Reviews

‘Remembering the Artist Robert De Niro, Sr.’ Review: Better Late Than Never

By  · Published on June 10th, 2014

by Sam Fragoso

HBO

Remembering the Artist Robert De Niro, Sr. was made not out of desire, but necessity. For most artists, recognition is what keeps them going, pushing them forward onto the next painting, film, book, etc. The story of Robert De Niro Sr., the subject of this HBO documentary short, is a painfully familiar one – an artist who flirted with fame only to fade into oblivion.

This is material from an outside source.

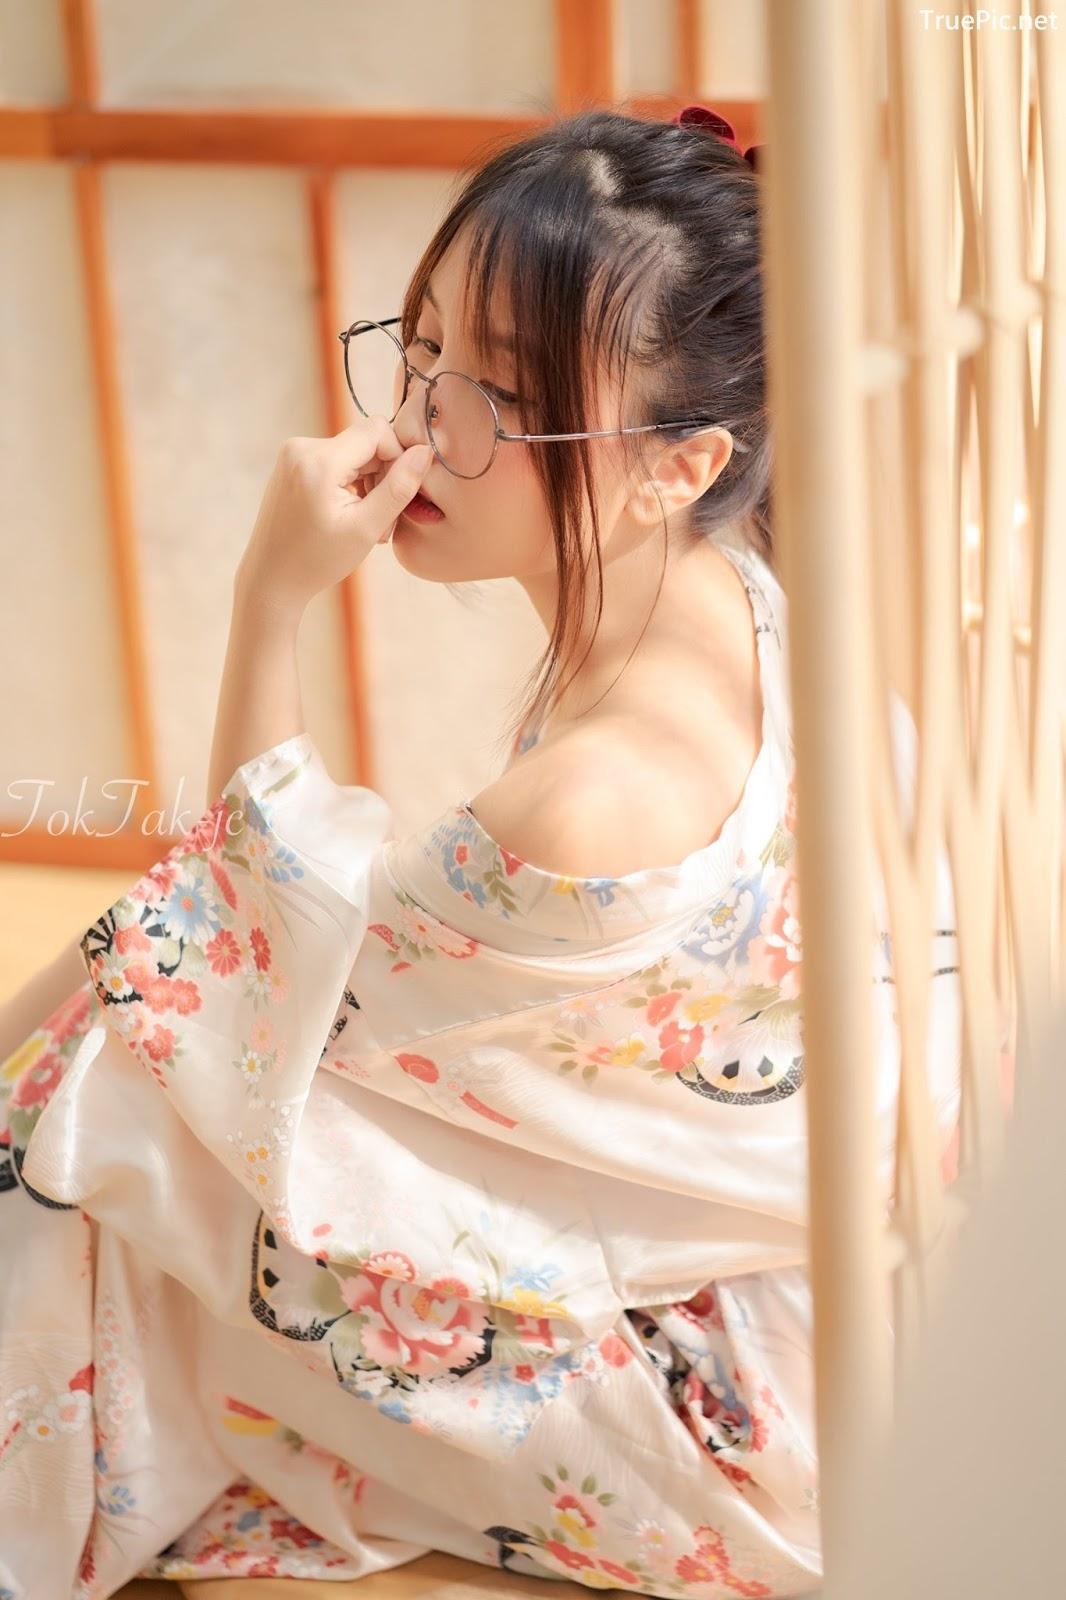 Image Thailand Model - Phunnita Intarapimai - Sexy Kendo Girl - TruePic.net - Picture-5

We open with the 1950 and 1960s, where a coterie of artists, dubbed the New York School of Art, have become the sensation of the art world. Members of this School of Art include Jackson Pollock, Willem de Kooning, Franz Kline, Mark Rothko and most importantly, Robert De Niro Sr. He was a figurative artist known for still-life paintings, and as we’re shown throughout the movie, his work was straight forward and free of pretension, inspired by the French avant-garde artists like Pierre Bonnard and Icarus Matisse.

To the tune of classical music, Remembering the Artist is interspersed with talking head interviews, personal footage from Sr.’s adult life, Robert De Niro reading excerpts from his father’s journal and, most importantly, the subject’s revelatory artwork. In 40-minutes, the film compacts a lot of information in a short period of time. But the film isn’t an exercise in information inundation. Directors Geeta Gandbhir and Perri Peltz work diligently in not wasting a single frame. Each snippet of information presented feels vital to De Niro Sr.’s story.

When not replete with testimonials of Sr.’s work, Remembering the Artist briefly dives into the relationship between Sr. and his son. De Niro vividly recalls not wanting to attend his father’s galleries as a child and that his father was always lamenting the state of contemporary art (insisting that he may never receive the recognition he longs for, even after death). There was of course, as De Niro remembers, a mix of envy and happiness on Sr.’s part as his son garnered critical and commercial success in the movies. Sadly, Gandbhir and Peltz half-heartedly explore this dynamic – perhaps because there’s only so much to explore.

The undercurrent of the film, and by extension all of Sr.’s work, is his clandestine life as a homosexual. Ridden with guilt for being gay, he went to his journal to pour out his feelings of carnal confusion. Throughout the film De Niro reads passages from his father’s diary, which serve as sort of a de facto narrator. It’s in these moments that we see the artist clearly and honestly. He was an extraordinarily gifted man whose fear of his sexuality was exacerbated by depression and his small fame fading as the art world transmuted into something entirely else, dominated by abstractionists like Andy Warhol and Frank Stella.

While it seems every fiber of Robert De Niro’s body felt compelled to make this documentary, Remembering the Artist isn’t just reverence for his old man. The film excels beyond a mere home-video replete with nostalgia and admiration, instead morphing into a living testament of De Niro Sr’s profound work – an art galley so big and beautiful not even a Peggy Guggenheim exhibit could compete.

The Upside: A good showcase of Sr.’s work, plus the heartbreaking insight into the mind of a damaged artist

The Downside: Missing more examination of the relationship between De Niro Sr. and De Niro

On the side: The works of Robert De Niro Sr. are now being shown around the world.